Although this shift has been a long time coming, now’s as good a time as any. There are over 120 million multicultural consumers in the United States, with a buying power of over $3.3 trillion. Likewise, the LGBT cohort in the United States — which is estimated to make up 7 percent of the total population — boasts a spending power of over $917 billion. Those numbers are only expected to rise.
“Young consumers believe that brands have the power to better the world through social consciousness,” said Rachel Saunders, the insights and strategy director at the research firm Cassandra, which recently released an Impact report stating 65 percent of American youth ages 12 to 34 think companies, not governments, can make a bigger positive impact on the world. “Gen Z is the most diverse cohort in history,” said Saunders, “so companies that embrace inclusivity now will be better poised to earn their loyalty in the future.”
“Readers are tired of the same old magazine tropes– things like ‘beach body guides,’ hyper-airbrushed models touting an unrealistic ideal and beauty ‘rules,’” said Faith Xue, the editorial director of Byrdie.
“For decades, [this content] was about comparison — an ideal of perfection that was homogenous,” added Elyssa Starkman, Beautycon’s head of content. “As we’ve been given more platforms both on and offline to explore the spectrum of what beauty means, it’s shifted the conversation to individuality.”
Indeed, many of the editors we spoke to called out social media platforms like YouTube and Instagram for being key drivers of this thematic shift, thanks to the way they’ve democratized how content is consumed and created. “They’ve fostered a millions-strong community that lets individuality and creativity shine, and it’s trickled over into editorial,” said Xue. “Who’s to say anymore what is considered beautiful and what isn’t?”
The highly politicized nature of the world we live in has contributed, too. “The last nine months have definitely inspired a new urgency for journalists — which certainly includes beauty editors and writers — to make sure that we are covering, exploring and celebrating every race, religion, age, sexual orientation and gender,” said Jenny Bailly, Allure’s executive beauty editor.
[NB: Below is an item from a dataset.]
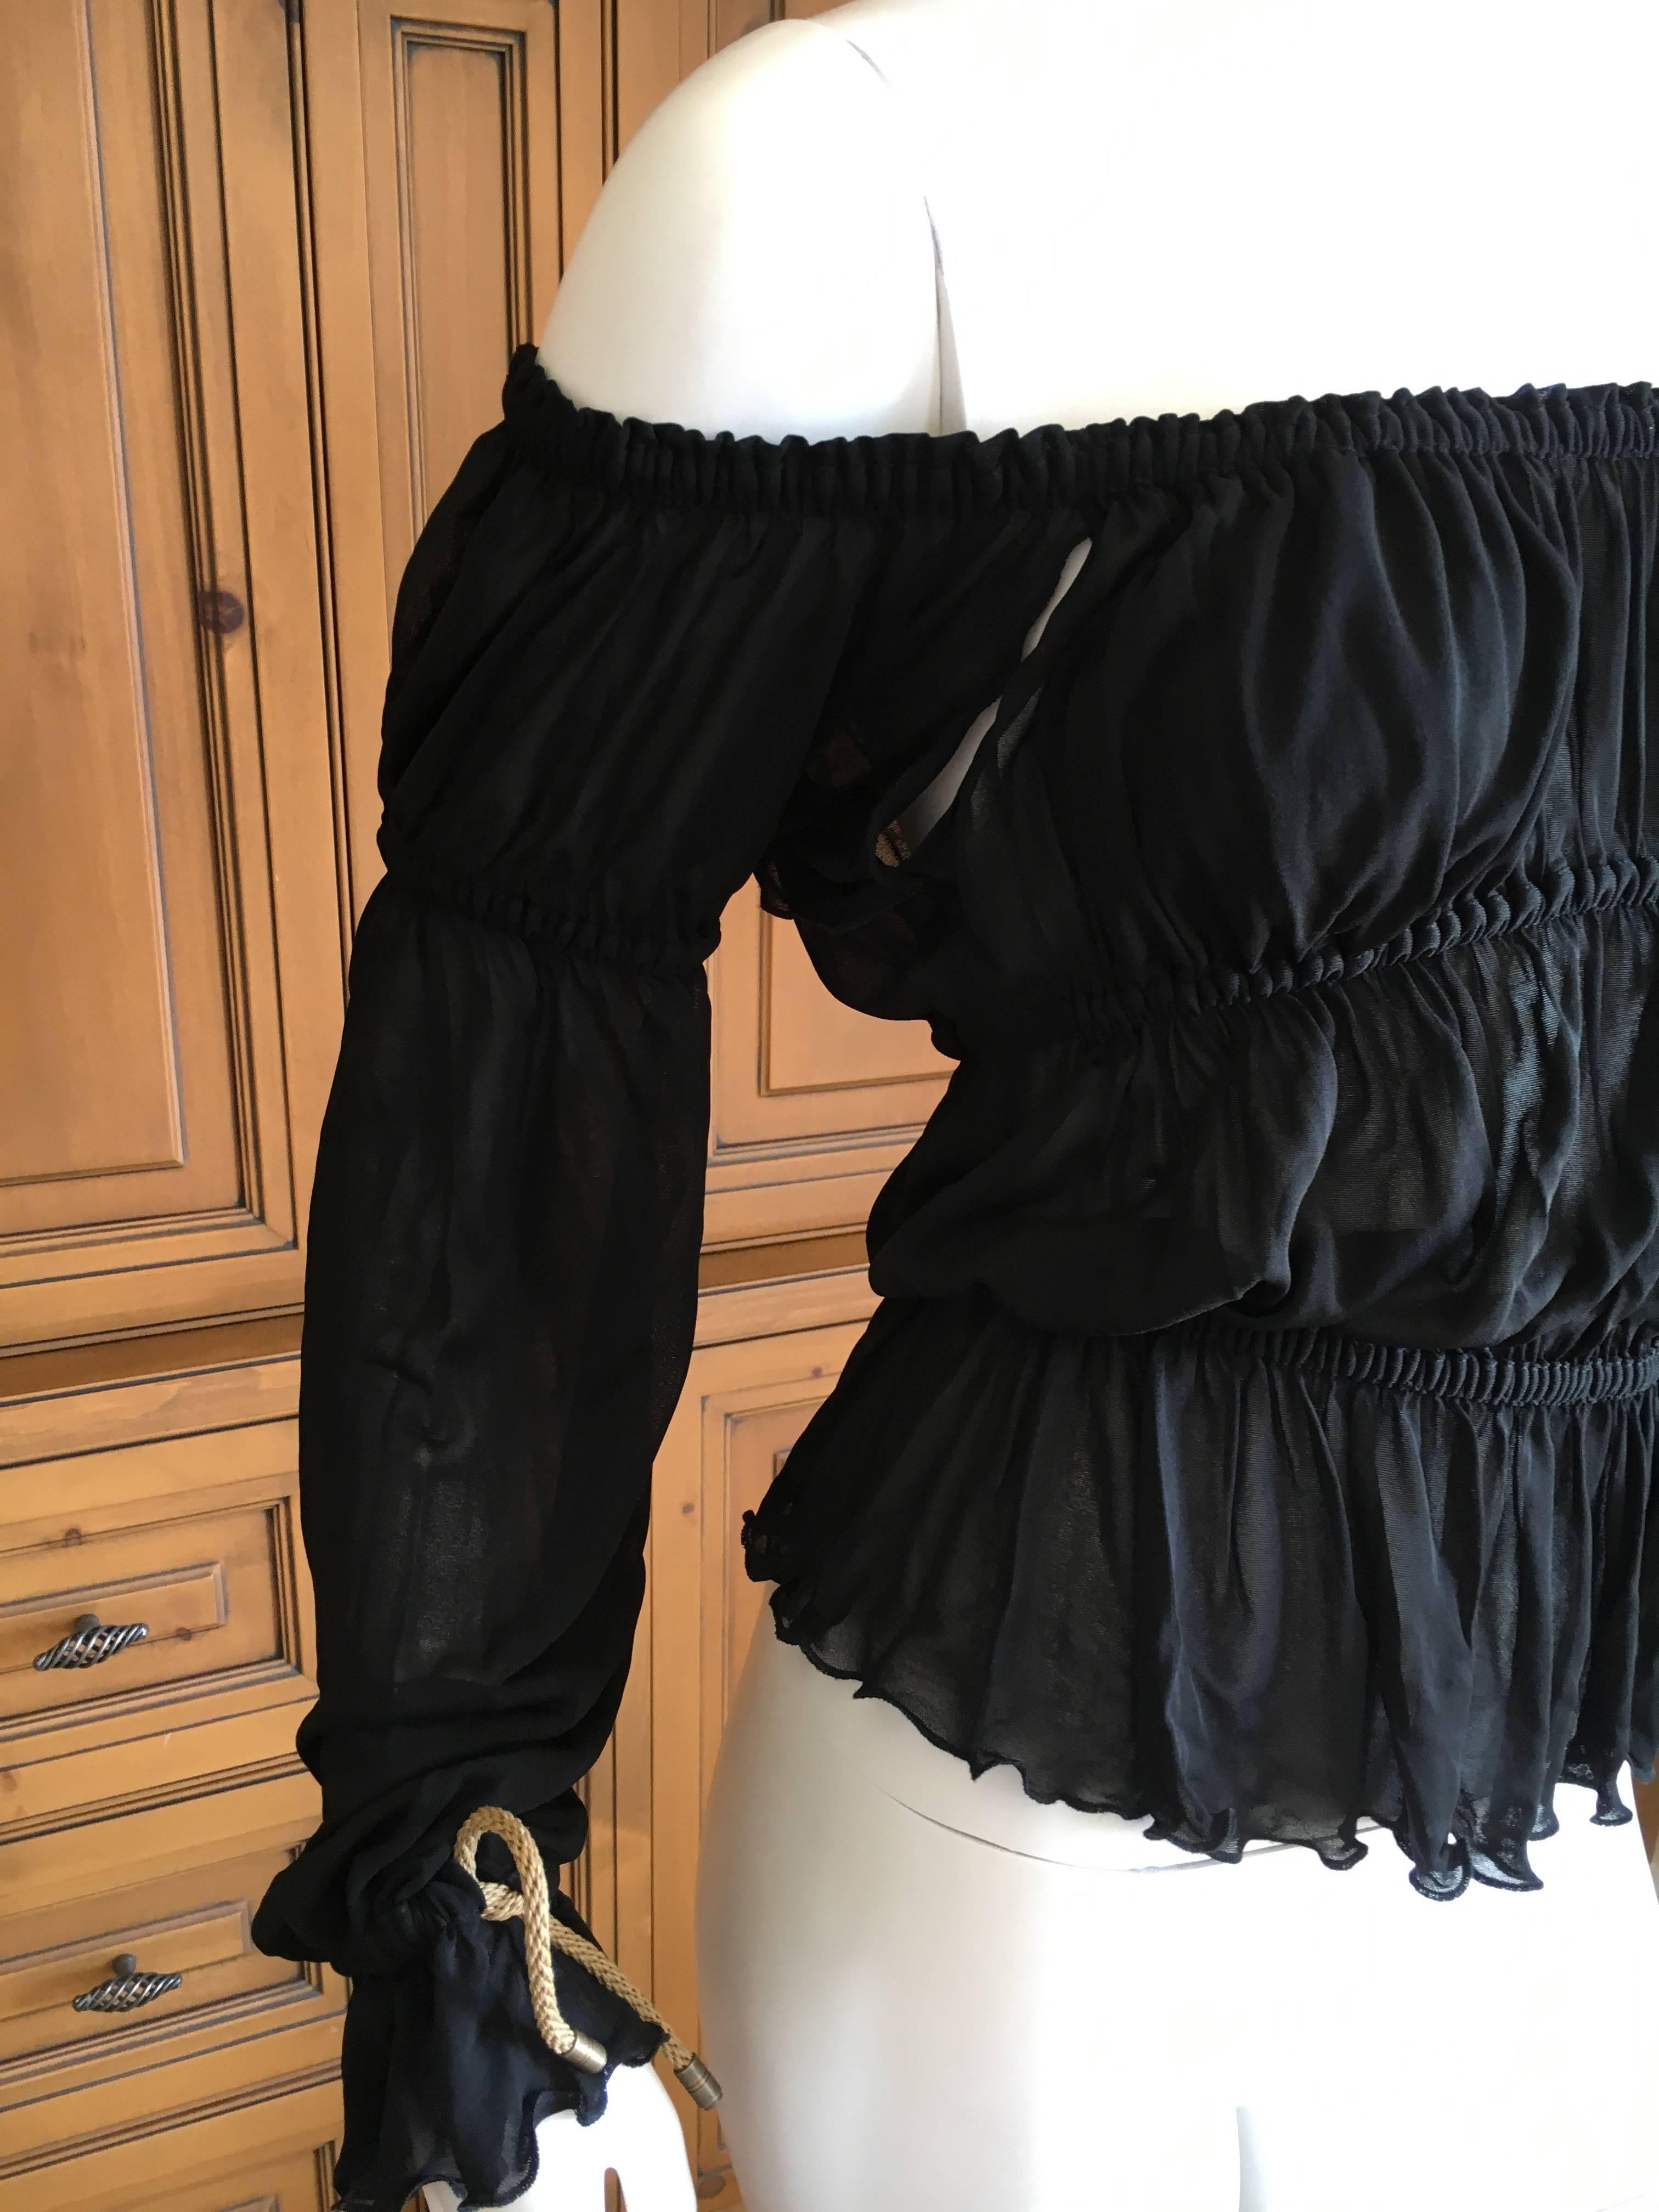 Yves Saint Laurent by Tom Ford Romantic Black Top In Excellent Condition For Sale In Cloverdale, CA

While beauty and larger world issues might seem like strange bedfellows to some, today’s editors see one as a more palatable entry point for discussing the other. “Beauty is a great vehicle for driving conversations about social change, because it’s accessible to everyone,” said Quinn, of Refinery29. It’s a topic that many argue lends itself easily to the bigger picture. “When we talk to Halima or [trans model] Andreja Pejic, or [boy beauty star] James Charles, or a young woman on a reservation in Montana about hair and makeup, we’re also having intimate conversations about where they’ve come from, what they believe in and how they interact with the world,” said Bailly.
Although they witness the occasional angry Facebook comment in response to this new content, the reaction has been largely positive.
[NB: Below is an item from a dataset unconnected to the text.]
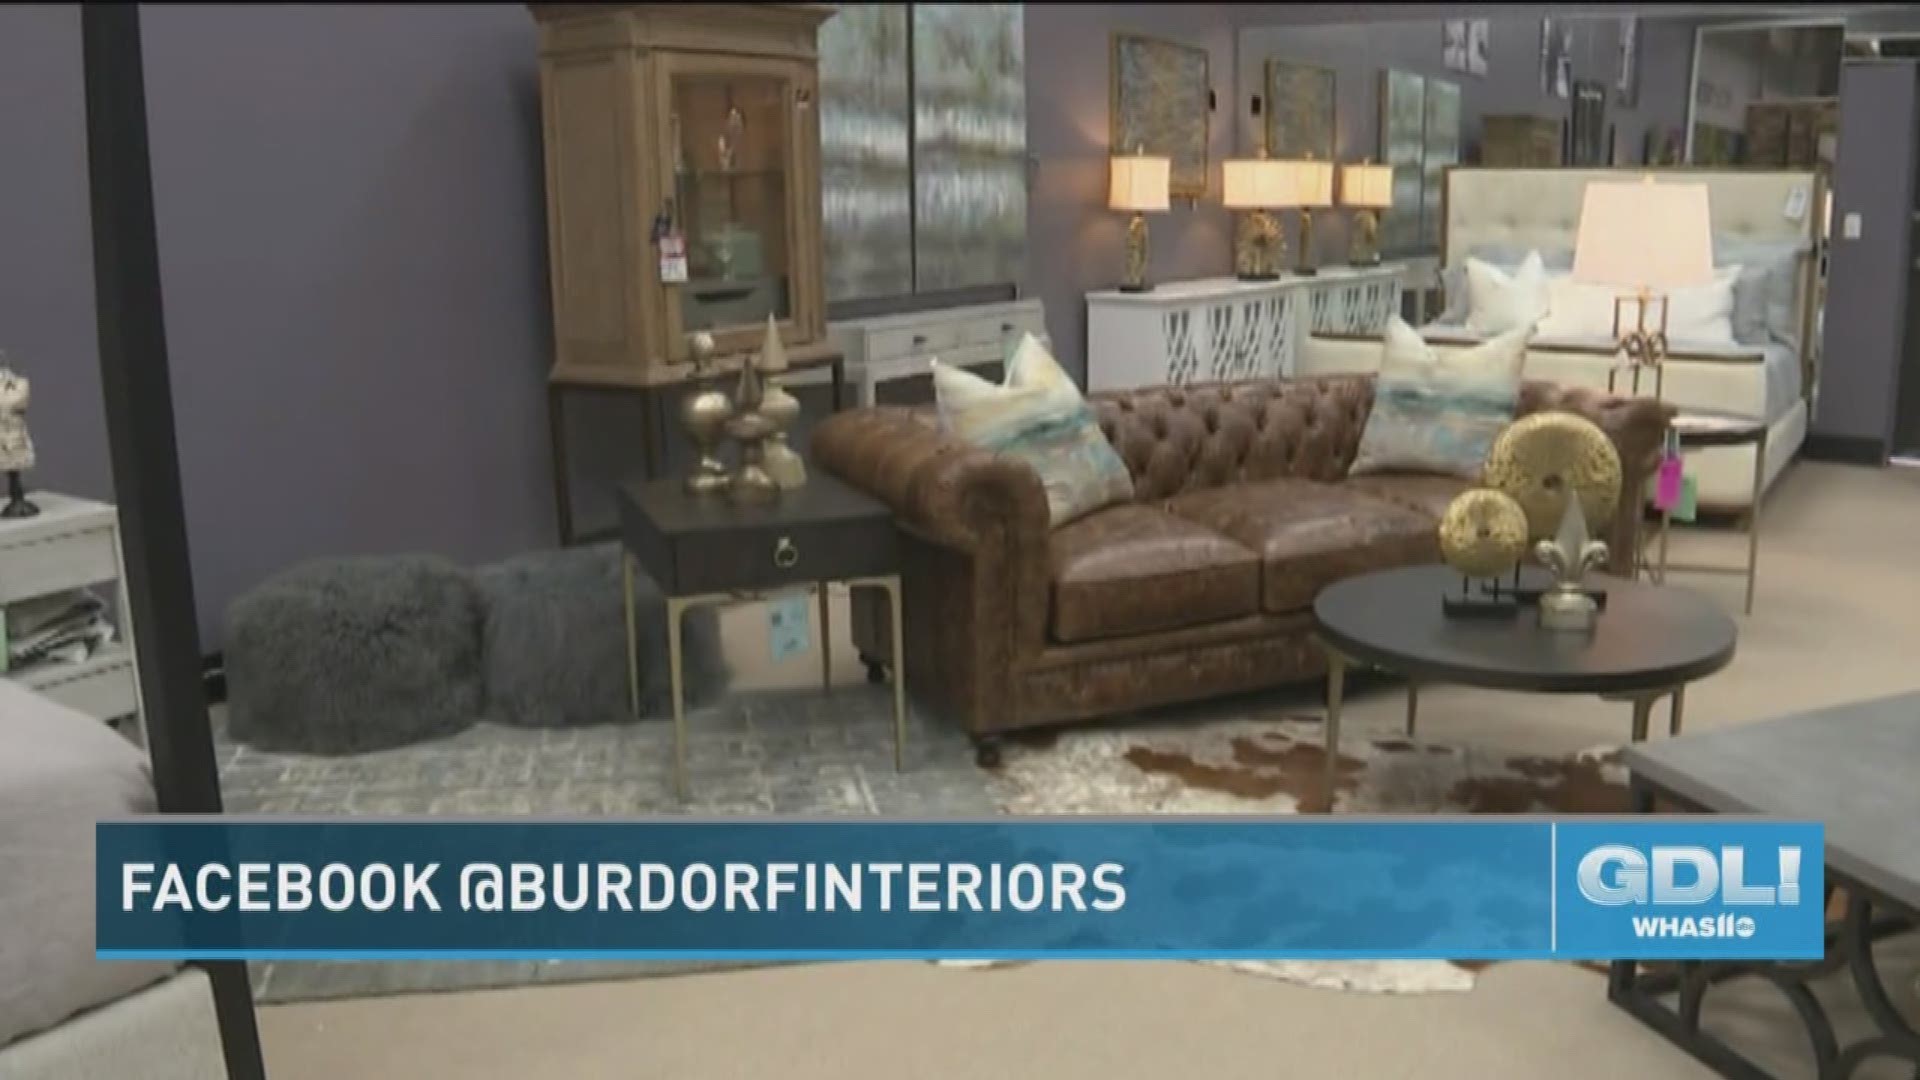 Burdorf Interiors is located at 401 North English Station Road in Louisville, KY. For more information, call 502-719-9700 or go to Burdorf.com.

“We’ve received so many emails from people saying how much they’ve enjoyed reading all the stories in the hub and how they feel like they’ve found a space they can relate to,” said Xue of The Flipside.
Beautycon reported its engagement rate has doubled since pivoting in this direction, while Refinery29 has seen an increase in relevant searches, like those for natural hair.
“By directly reflecting what our readers look like and taking a good look at the issues that concern them, we form a different kind of connection that stands out from the crowd,” said Jessica Matlin, the beauty and health director at Teen Vogue.
All involved are confident this evolution is more than a fleeting trend.
“Fostering this mainstream conversation of self-expression and identity is here to stay,” said Starkman, of Beautycon. “It has to be, because we don’t live in a time where we can exist or communicate in silos.”